In a nucleotide or amino acid sequence, not all sites evolve at the same rate, due to differing selective constraints at each site. Currently in computational molecular evolution, models incorporating rate heterogeneity always share two assumptions. First, the rate of evolution at each site is assumed to be independent of every other site. Second, the values of these rates are assumed to be drawn from a known prior distribution. Although often assumed to be small, the actual effect of these assumptions has not been previously quantified in the literature.
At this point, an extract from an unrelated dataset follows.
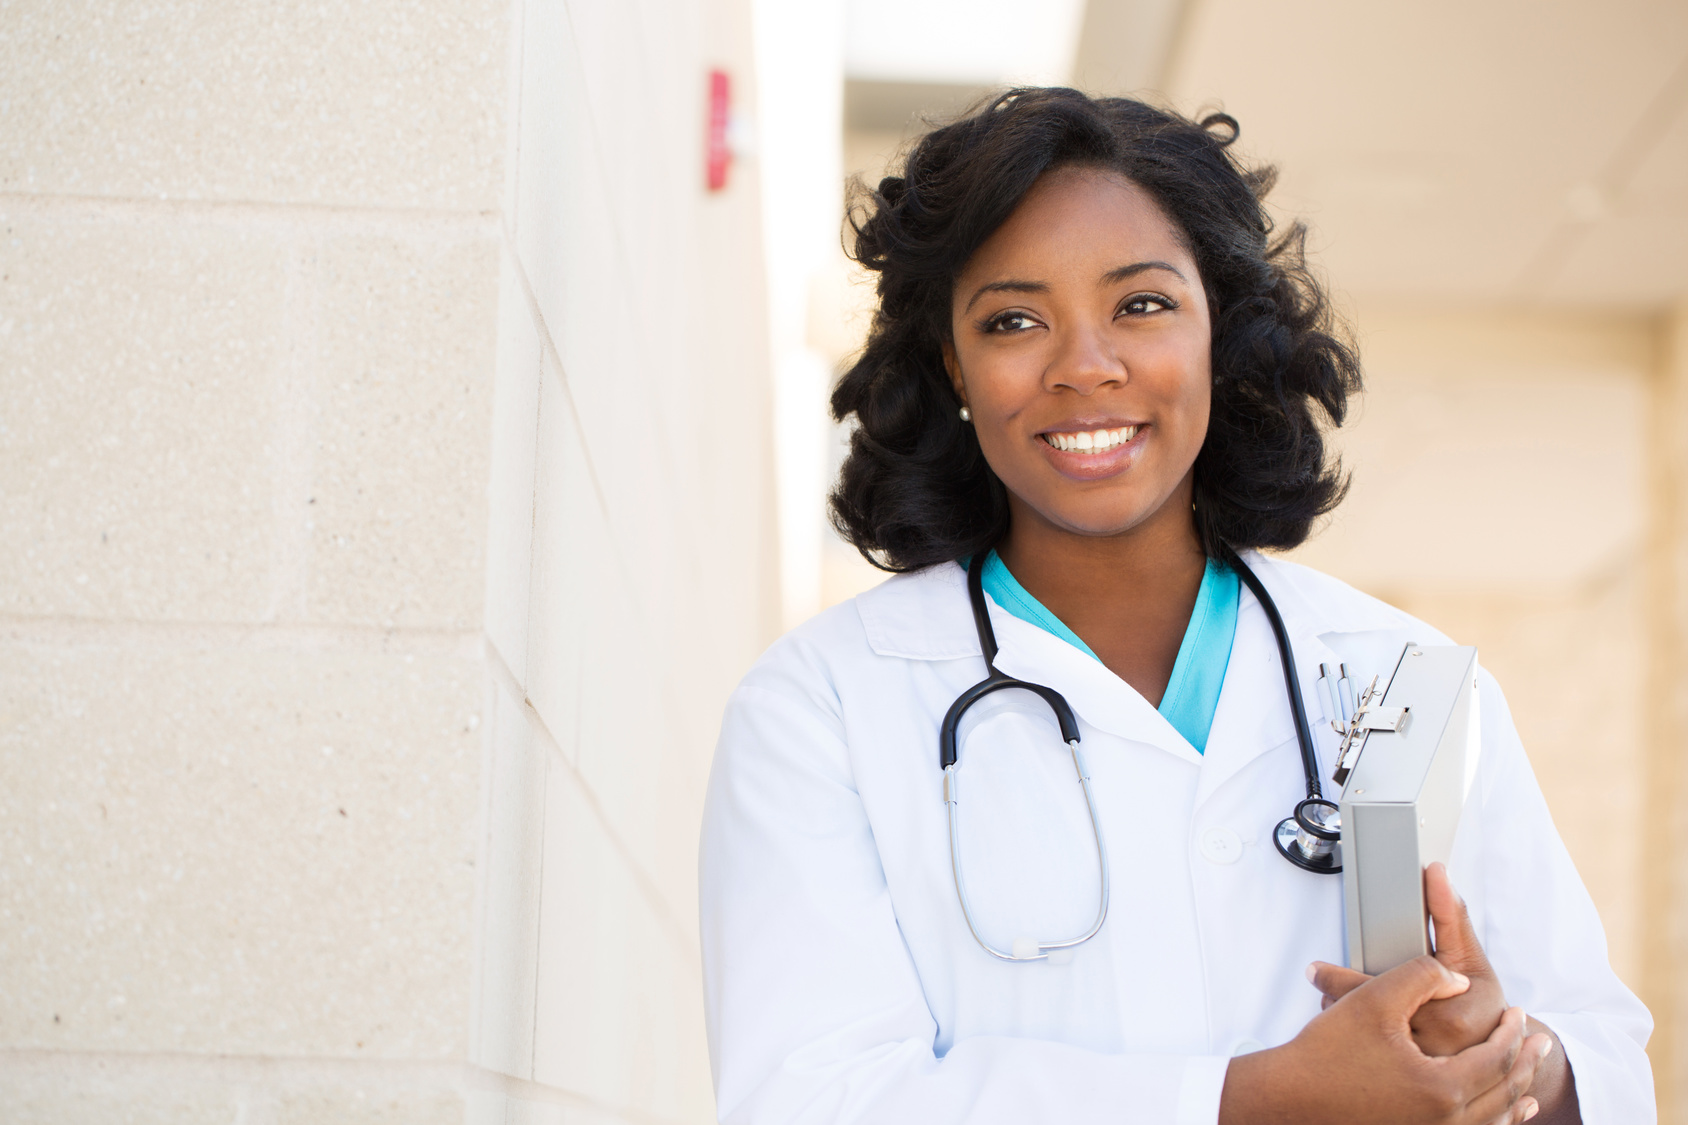 More Nurse Practitioners Now Pursue Residency Programs To Hone Skills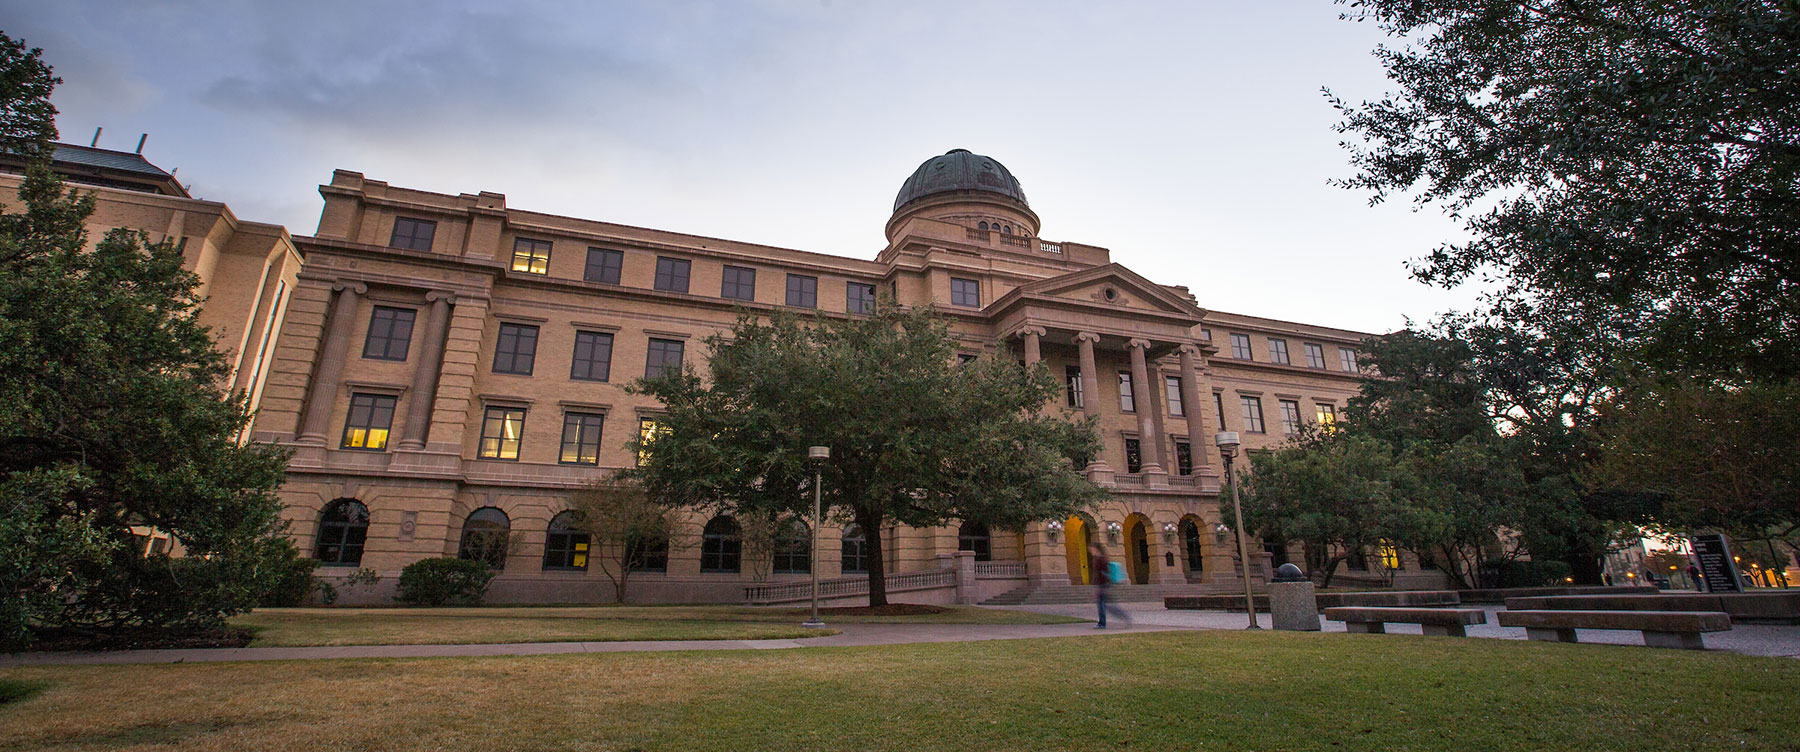 The Academic Building on Texas A&M Campus

Herein we describe an algorithm to simultaneously infer the set of n-1 relative rates that parameterize the likelihood of an n-site alignment. Unlike previous work (a) these relative rates are completely identifiable and distinct from the branch-length parameters, and (b) a far more general class of rate priors can be used, and their effects quantified. Although described in a Bayesian framework, we discuss a future maximum likelihood extension.
Using both synthetic data and alignments from the Myc, Max and p53 protein families, we find that inferring relative rather than absolute rates has several advantages. First, both empirical likelihoods and Bayes factors show strong preference for the relative-rate model, with a mean Delta ln P=-0.458 per alignment site. Second, the computed likelihoods and Bayes factors were essentially independent of the relative-rate prior, indicating that good estimates of the posterior rate distribution are not required a priori. Third, a novel finding is that rates can be accurately inferred even when up to approximately 4 substitutions per site have occurred. Thus biologically relevant putative hypervariable sites can be identified as easily as conserved sites. Lastly, our model treats rates and tree branch-lengths as completely identifiable, allowing for the first time coherent simultaneous inference of branch-lengths and site-specific evolutionary rates.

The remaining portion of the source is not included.